1 Introduction
In recent years, Long Short-Term Memory (LSTM) has returned to people’s attention with its outstanding performance in speech recognition (Graves et al., 2013)
(Sutskever et al., 2014), sentiment classification (Yang et al., 2016)and other tasks related to sequential data. LSTM’s success is due to its two-fold surprising properties. The first one is the intrinsic ability to memorize historical information, which fits very well with sequential data. This ability is its main advantage compared with other mainstream networks such as Multilayer Perceptron (MLP), Convolutional Neural Network (CNN). Second, the exploding and vanishing gradient problems are eased through memory gates controlling the flow of information according to the different objectives. Moreover, mixed models obtained by stacking LSTM layers together with other type of neural networks layers can improve state-of-the-art in various applications.
However, the large LSTM-based models are often associated with expensive computations, large memory requests and inefficient processing time in both phases, training and inference. For example, around 30% of the Tensor Processing Unit (TPU) workload in the Google cloud is caused by LSTMs
(Jouppi et al., 2017). The computation-intensive and memory-intensive are at odds with the trend of deploying these powerful models on resource-limited devices. Different from other neural networks, LSTMs are relatively more challenging to be compressed due to the complicated architecture that the information gained from one cell will be shared across all the time steps
(Wen et al., 2017). Despite this challenge, researchers already proposed many effective methods to address this problem, including Sparse Variational Dropout (Sparse VD) (Lobacheva et al., 2017), sparse regularization (Wen et al., 2017), distillation (Tian et al., 2017), low-rank factorizations and parameter sharing (Lu et al., 2016) and pruning (Han et al., 2017; Narang et al., 2017; Lee et al., 2018), etc. All of them can achieve promising compression rates with negligible performance loss. Nonetheless, one common shortcoming hindering their applications on resource-limited device is that expensive fully-connected networks are needed at the beginning. Such very large pre-trained models where most layers are fully-connected (FC) are prone to be memory bound in realistic applications (Jouppi et al., 2017). At the same time, (Mocanu et al., 2018) have proposed the Sparse Evolutionary Training (SET) procedure, which creates sparsely connected layers before training. Such layers start from an Erdős-Rényi random graph connectivity, and use an evolutionary training strategy to force the sparse connectivity to fit the data during the training phase.In this paper, we introduce adaptive sparse connectivity into the LSTM world. Concretely, we propose a new sparse LSTM model trained with SET, and dubbed further SET-LSTM. In comparison with all LSTM variants discussed above, SET-LSTM is sparse from the design phase, before training. Considering the specific structure inside LSTM cells, we first replace the fully-connected layers within the LSTM cells. Secondly, we sparsify the embedding layer to further reduce a major number of parameters as it is usually the largest layer in LSTMs. Evaluated on four sentiment classification datasets, our proposed model is able to achieve higher accuracy than fully-connected LSTMs on three of them and just a bit lower accuracy on the last one, while having about 25 times less parameters. To understand the beneficial effect of adaptive sparse connectivity on model performance, we study the sparsely connected layers topologies obtained after the training process, and we show that even if in terms of accuracy the results are similar, the topologies are completely different. This suggests that adaptive sparse connectivity may be a way to avoid the overparameterized optimization problem of fully-connected neural networks, as it yields many amenable local optima.
2 Preliminaries
2.1 LSTM Compression
There are various effective techniques to shrink the size of large LSTMs, at the same time, preserving the competitive performance. Here, we divide them into pruning methods and non-pruning methods.
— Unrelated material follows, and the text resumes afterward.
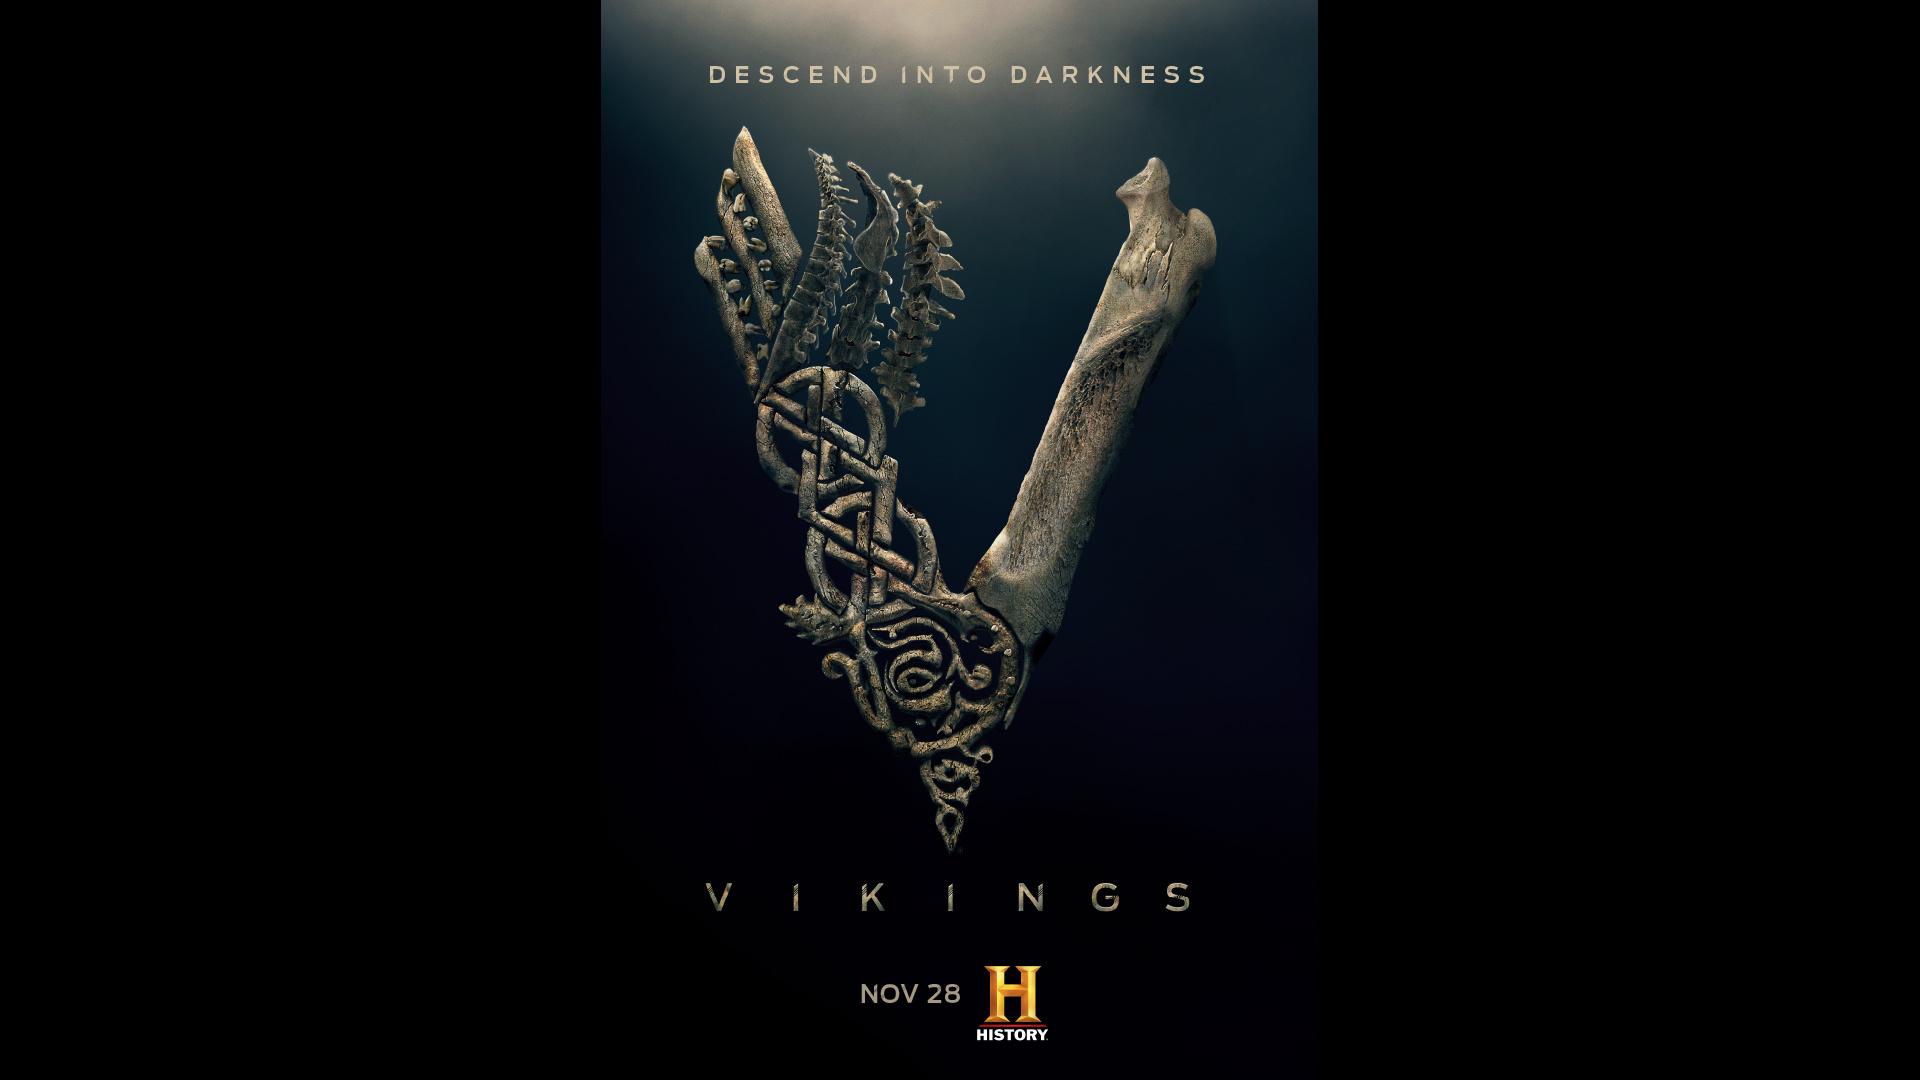 Thumbnail for Vikings: Tease Poster

Pruning methods. Pruning as a classical model compression method has been widely used to different models successfully such as MLPs, CNNs and LSTMs. By eliminating the unimportant weights based on a certain criterion, pruning is able to achieve high compression ratio without substantial loss in accuracy. Pruning-based LSTMs compression methods can be categorized into two branches: post-training and direct sparse training, according to whether an expensive fully-connected network is needed before the training process.
Pruning from a fully-connected network is an overwhelming branch to compress neural networks. (Giles & Omlin, 1994)
proposes a simple pruning and retraining strategy to recurrent neural networks (RNNs). However, the inevitably expensive computation and prohibitively many training iterations are the main disadvantages of these methods. Recently,
(Han et al., 2015) makes pruning stand out from other methods by pruning the magnitude of weights and retraining the network. Based on the pruning approach of (Han et al., 2015), (Han et al., 2017) proposes an efficient method to compress LSTMs by combining pruning with quantization together. On the other hand, (Narang et al., 2017)shrinks the post-pruning sparse LTSM size by 90% through a monotonically increasing threshold. Using a set of hyperparameters is able to determine the specific thresholds for different layers.
(Lobacheva et al., 2017)applies Sparse VD to LSTM and achieves 99.5% sparsity from the perspective of Bayesian networks. Despite the success of post-training, an expensive fully-connected network is required at the beginning stage, which leads to inevitable memory requirement and computation cost.
As an emerging branch, direct sparse training can effectively avoid the dependence on the original large networks. Nest (Dai et al., 2017) gets rid of an original huge network by a grow-and-prune paradigm, that is, expanding a small randomly initialized network to a large one and then shrink it down. However, it will not be feasible under a really strict parameters budget. (Bellec et al., 2017) proposes deep rewiring (DEEP R) that guarantees the strictly limited connections by adding a hard constraint to a sample process based on which the sparse connection is rewired. Different from sampling network architecture, our approach use an evolutionary way to dynamically change the topology based on the importance of connections. (Mostafa & Wang, 2019)
proposes a direct sparse training technique via dynamic sparse reparameterization. Heuristically, it uses a global threshold to prune the magnitude of weights.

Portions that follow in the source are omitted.